# Reshaping

## Wide vs. Long DataFrames
- Wide and long describe two ways of organizing data in a table.
- A variable is a data attribute that can have multiple values.
- Wide `DataFrames` store the same variable across multiple columns.
- Wide DataFrames expand horizontally -- their number of columns grows.
- Long `DataFrames` store each variable in a single column.
- Long `DataFrames` expand vertically -- their number of rows grows.

### Example
- The `wide_store_sales.csv` dataset is a wide dataset.
- It stores the same attribute/variable (revenue) across multiple columns (Jan, Feb, etc).
- As more revenue values arrive for future months, the `DataFrame` will expand in width.

## The unpivot Method to Convert a Wide DataFrame to a Long DataFrame
- The `unpivot` method transforms a `DataFrame` from a wide format to a long format.
- The `on` parameter accepts the column(s) with the duplicate values by category.
- The `index` parameter accepts the column(s) with the identifiers.

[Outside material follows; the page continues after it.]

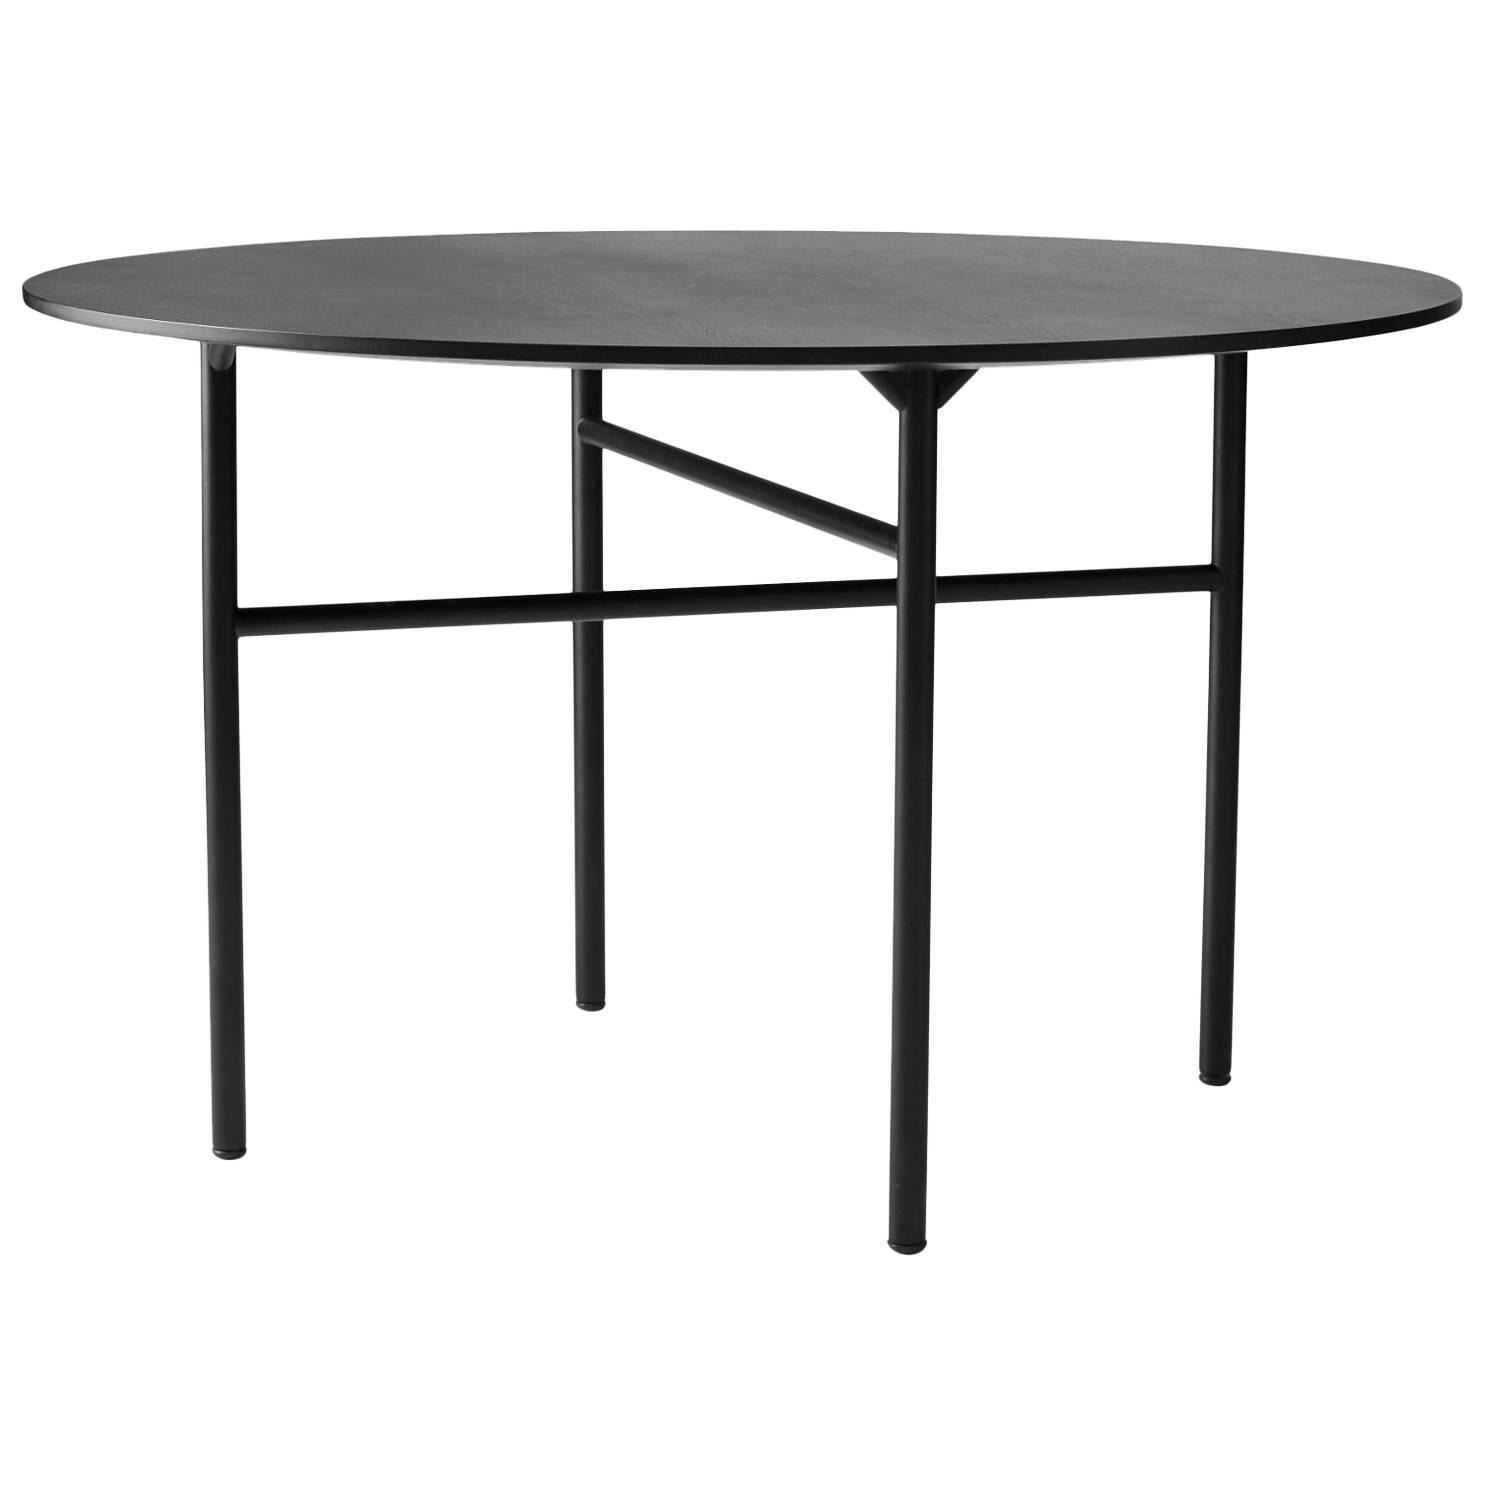 Round 47", Snaregade Table by Norm Architects, Black Veneer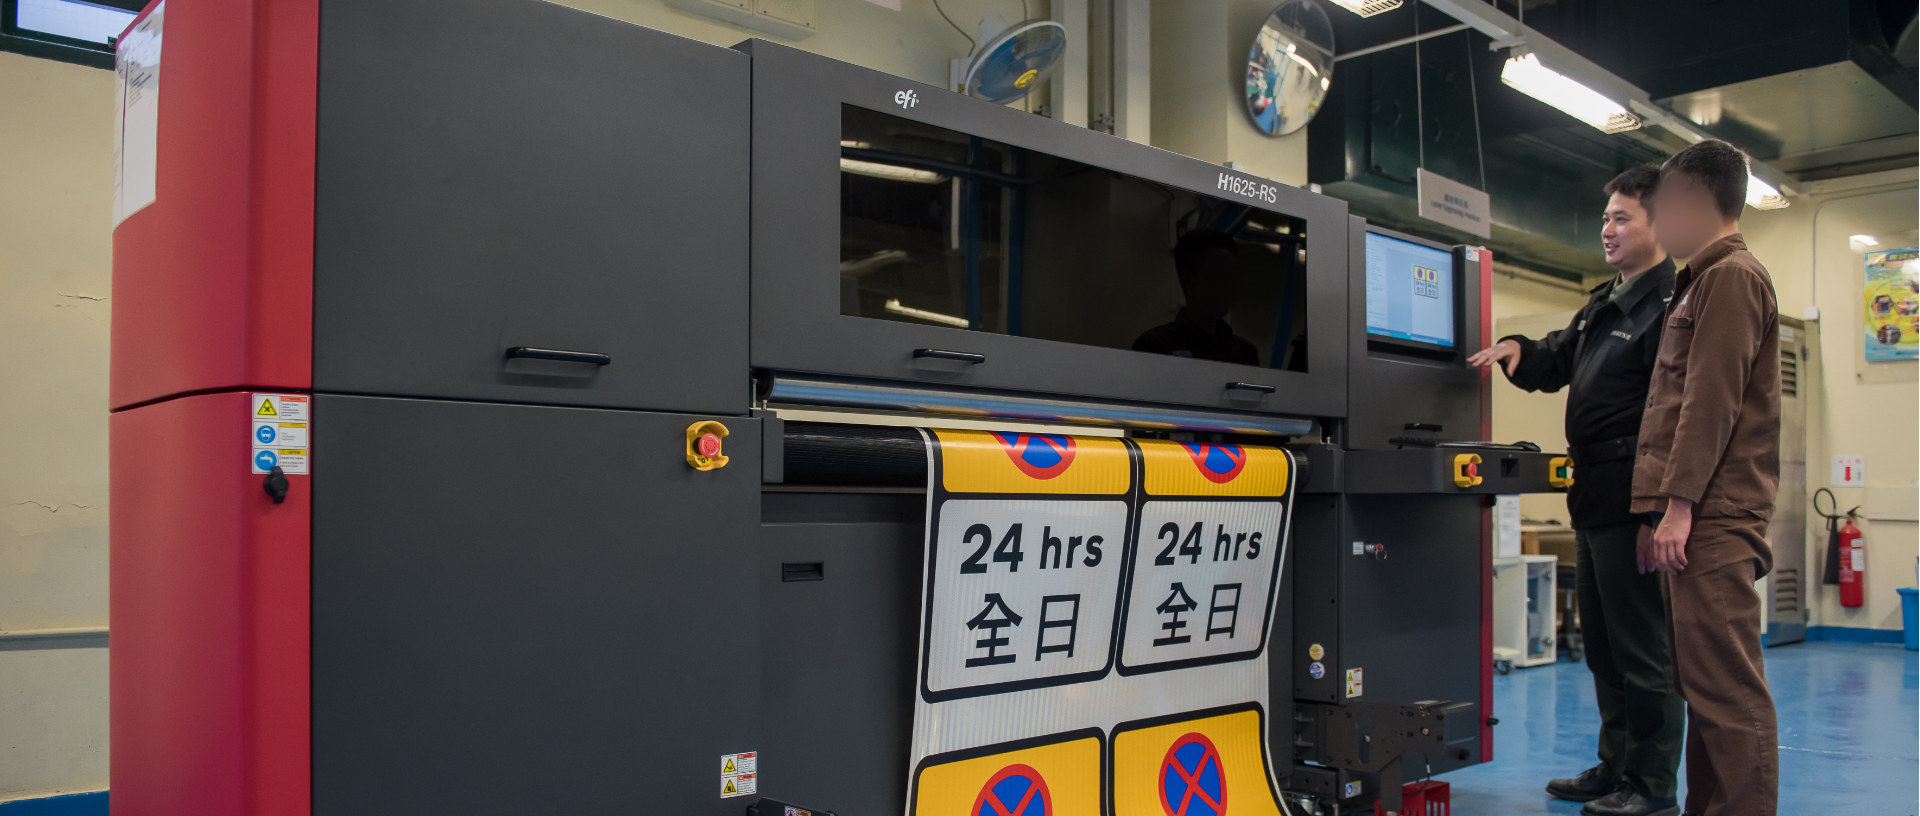 A new UV Ink Digital Printer has been installed at the Sign-making Workshop in Pak Sha Wan Correctional Institution to reduce production time and raise product quality through direct printing of graphics on reflective sheeting.

Polars will extract the unique values from this column.
- The equivalent Pandas method is `melt`.

- The `index` parameter supports a list argument too.
- If the `on` parameter is omitted, Polars will include all columns that are not provided to `index`.
- The dataset has 6 month columns x 5 rows = 30 total rows in new `DataFrame`.

- Use the `variable_name` parameter to rename the variable column (the one that will hold the former column names).
- Use the `value_name` parameter to rename the value column (the one that will hold the cell values).

### Further Reading
- https://docs.pola.rs/user-guide/transformations/unpivot/
- https://docs.pola.rs/api/python/stable/reference/dataframe/api/polars.DataFrame.unpivot.html

## The pivot Method to Convert a Long DataFrame to a Wide DataFrame
- The complementary `pivot` method converts a `DataFrame` from a long format to a wide format.
- The `student_grades.csv` dataset stores each variable in a single column.
- Student names, subjects, and score values are _not_ scattered across multiple columns.

- A wider view can make it easy to parse a student's performance in all subjects.
- The `pivot` method transforms a long `DataFrame` to a wide one.
- The `index` parameter sets the columns whose values will be kept as unique row identifiers.
- The `on` parameter sets the columns whose distinct values will be extracted to new columns.
- The `values` parameter sets the columns whose values will be distributed in the cells of the new table.
- Polars will use a `null` if there is no value for the intersection of an identifier (student name) and value (test score).

### Further Reading
- https://docs.pola.rs/user-guide/transformations/pivot/#eager
- https://docs.pola.rs/api/python/stable/reference/dataframe/api/polars.DataFrame.pivot.html

## Pivot Tables I
- A pivot table reshapes data by turning unique values into new rows or columns, then summarizing corresponding values.
- The `student_grades_expanded` `DataFrame` has multiple entries for a student and grade.

- The dataset stores student grades over 2 years at the school.
- Thus, certain combinations of student and subject may appear twice.

- A regular `pivot` method fails because of duplicate values in the `student` column.
- Each combination of student name and subject appears twice (once per year) so Polars cannot choose a single score per combination.

- The `aggregate_function` parameter sets the algorithm for selecting the value per each duplicate combination.
- An argument of `first` selects the first occurrence of each unique value.
- In this example, Polars will use the test score for the first occurrence of each student name + school subject.
- This dataset represents the first year of grades.

- An argument of `last` selects the last occurrence of each unique value.
- This dataset represents the second year of grades.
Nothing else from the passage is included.